When installed as linux package this configuration is in/etc/steadybit/extension-aws
.
The process requires valid access credentials to interact with various AWS APIs.
The extension needs an IAM Role with the given permissions. You can optionally restrict for which resources the extension may
become active
by tweaking the Resource
clause.
Availability Zone-Discovery & Availability Zone Blackhole
{
"Version": "2012-10-17",
"Statement": [
{
"Action": [
"ec2:DescribeTags",
"ec2:DescribeAvailabilityZones",
"ec2:DescribeSubnets",
"ec2:DescribeNetworkAcls",
"ec2:CreateNetworkAcl",
"ec2:CreateNetworkAclEntry",
"ec2:ReplaceNetworkAclAssociation",
"ec2:DeleteNetworkAcl",
"ec2:CreateTags"
],
"Effect": "Allow",
"Resource": "*"
}
]
}
EC2-Discovery & Actions
{
"Version": "2012-10-17",
"Statement": [
{
"Effect": "Allow",
"Action": [
"ec2:DescribeInstances",
"ec2:DescribeTags",
"ec2:StopInstances",
"ec2:RebootInstances",
"ec2:TerminateInstances",
"ec2:StartInstances",
],
"Resource": "*"
}
]
}
ECS-Discovery & Actions
Depends on what you want to do on ECS, you might need an additional setup.
If only the action of Stopping the task in ECS is sufficient, then you need to add these permissions.
{
"Version": "2012-10-17",
"Statement": [
{
"Effect": "Allow",
"Action": [
"ecs:ListTasks",
"ecs:DescribeTasks",
"ecs:ListClusters",
"ecs:StopTask",
"ecs:UpdateService",
"ecs:ListServices",
"ecs:DescribeServices"
],
"Resource": "*"
}
]
}
If you want to perform the stress CPU/memory/io or fill disk attacks on ECS Tasks you need to include the following permission as well, and then you can proceed with the installation of the SSM Agent which is needed to run these actions❗️.
{
"Version": "2012-10-17",
"Statement": [
{
"Effect": "Allow",
"Action": [
"ssm:DescribeInstanceInformation",
"ssm:GetCommandInvocation",
"ssm:CancelCommand"
],
"Resource": "*"
},
{
"Effect": "Allow",
"Action": "ssm:SendCommand",
"Resource": "arn:aws:ssm:*:*:document/AWSFIS-*"
},
{
"Effect": "Allow",
"Action": "ssm:SendCommand",
"Resource": "*",
"Condition": {
"StringLike": {
"ssm:resourceTag/FAULT_INJECTION_SIDECAR": [
"true"
]
}
}
}
]
}
Elasticache-Discovery & Actions
{
"Version": "2012-10-17",
"Statement": [
{
"Effect": "Allow",
"Action": [
"elasticache:DescribeReplicationGroups",
"elasticache:TestFailover",
"elasticache:ListTagsForResource"
],
"Resource": "*"
}
]
}
ELB-Discovery & Actions
{
"Version": "2012-10-17",
"Statement": [
{
"Effect": "Allow",
"Action": [
"elasticloadbalancing:DescribeLoadBalancers",
"elasticloadbalancing:DescribeListeners",
"elasticloadbalancing:DescribeTags",
"elasticloadbalancing:DescribeRules",
"elasticloadbalancing:SetRulePriorities",
"elasticloadbalancing:CreateRule",
"elasticloadbalancing:DeleteRule",
"elasticloadbalancing:AddTags",
"elasticloadbalancing:RemoveTags"
],
"Resource": "*"
}
]
}
FIS-Discovery & Actions
FIS will create a ServiceLinkedRole AWSServiceRoleForFIS when you start an experiment.

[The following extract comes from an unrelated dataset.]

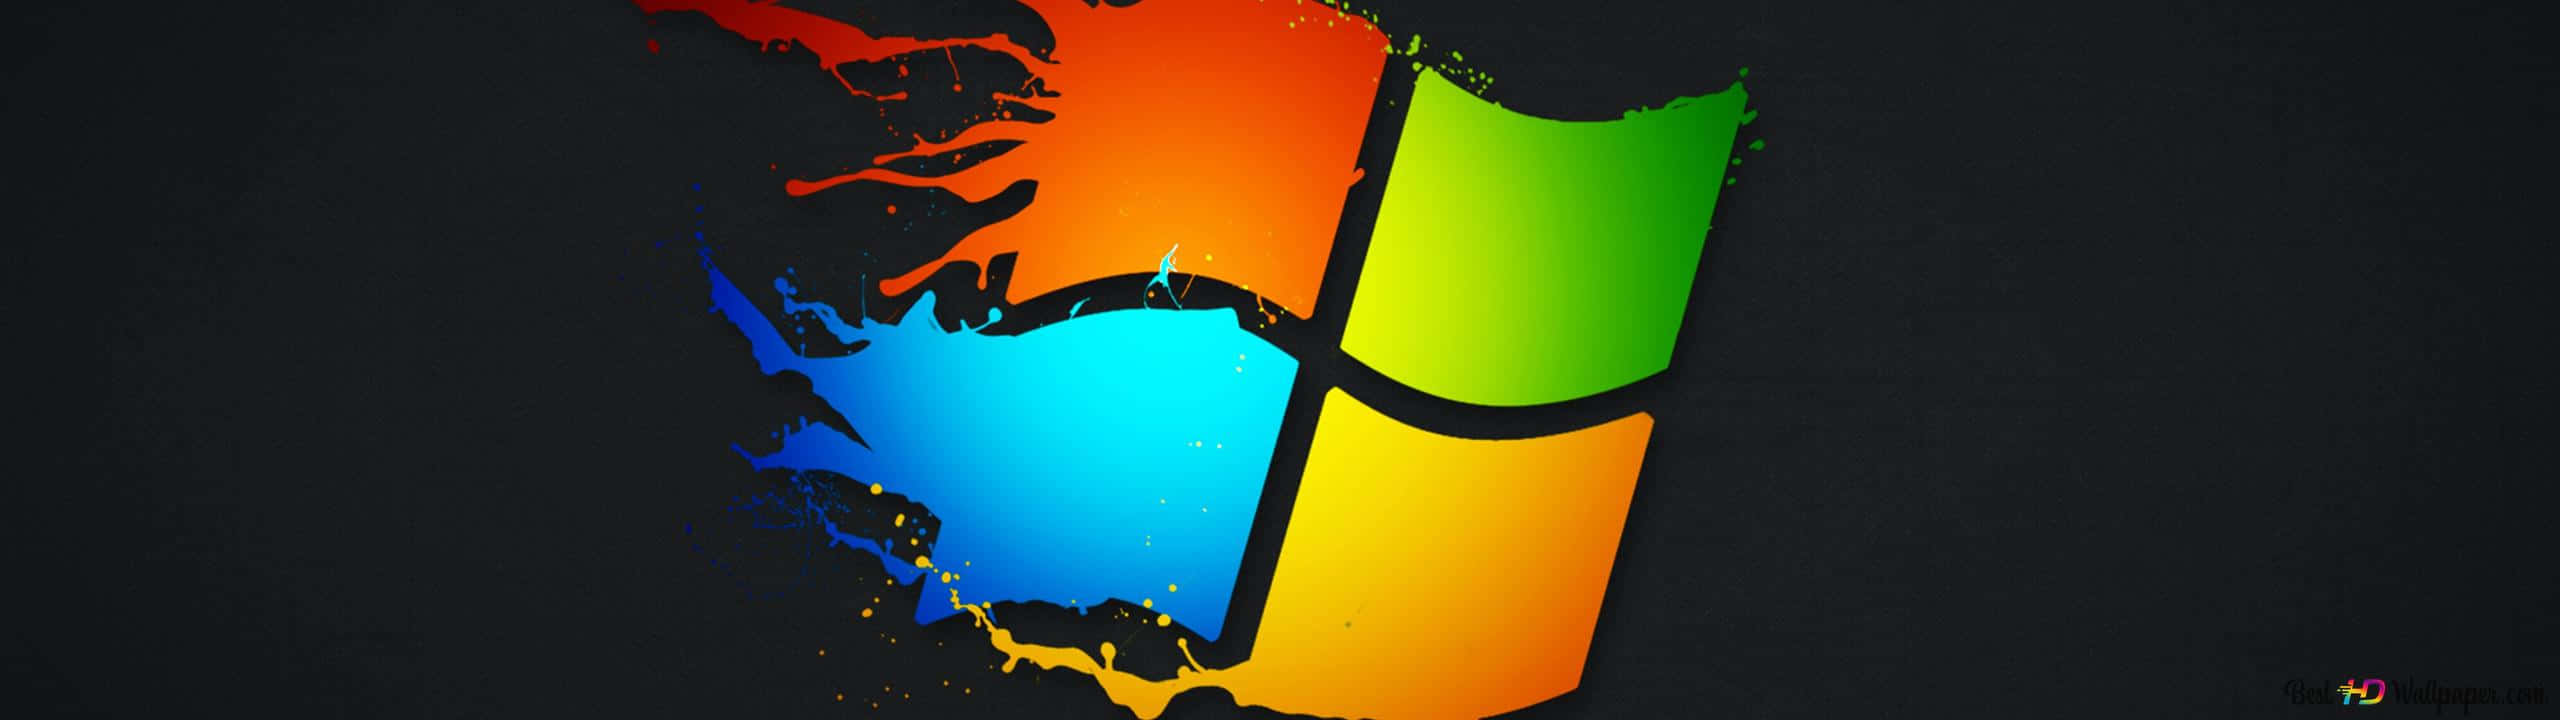 Windows Xp-logoet 2560 X 720 Wallpaper

If you started the experiment from the ui and if the role is already existing, you can omit the iam: CreateServiceLinkedRole permission. If you want to start the very first fis experiment via the steadybit agent, you will need to add the permission.
{
"Version": "2012-10-17",
"Statement": [
{
"Action": [
"fis:ListExperimentTemplates",
"fis:GetExperiment",
"fis:GetExperimentTemplate",
"fis:StartExperiment",
"fis:StopExperiment",
"fis:TagResource"
],
"Effect": "Allow",
"Resource": "*"
},
{
"Effect": "Allow",
"Action": "iam:CreateServiceLinkedRole",
"Resource": "arn:aws:iam::<YOUR-ACCOUNT>:role/aws-service-role/fis.amazonaws.com/AWSServiceRoleForFIS"
}
]
}
MSK-Discovery & Actions
{
"Version": "2012-10-17",
"Statement": [
{
"Sid": "VisualEditor0",
"Effect": "Allow",
"Action": [
"kafka:ListClustersV2",
"kafka:TagResource",
"kafka:ListNodes",
"kafka:UntagResource",
"kafka:RebootBroker"
],
"Resource": "*"
}
]
}
Lambda Functions-Discovery & Attacks
❗️These attacks need the failure-lambda library to be included in your lambdas.
{
"Version": "2012-10-17",
"Statement": [
{
"Action": [
"ssm:AddTagsToResource",
"ssm:PutParameter",
"ssm:DeleteParameter",
"lambda:ListFunctions"
],
"Effect": "Allow",
"Resource": "*"
}
]
}
RDS-Discovery & Actions
{
"Version": "2012-10-17",
"Statement": [
{
"Effect": "Allow",
"Action": [
"rds:RebootDBCluster",
"rds:ListTagsForResource",
"rds:StopDBInstance",
"rds:RebootDBInstance",
"rds:DescribeDBInstances",
"rds:FailoverDBClusters",
"rds:DescribeDBClusters"
],
"Resource": "*"
}
]
}
The extension is using the default credentials provider chain.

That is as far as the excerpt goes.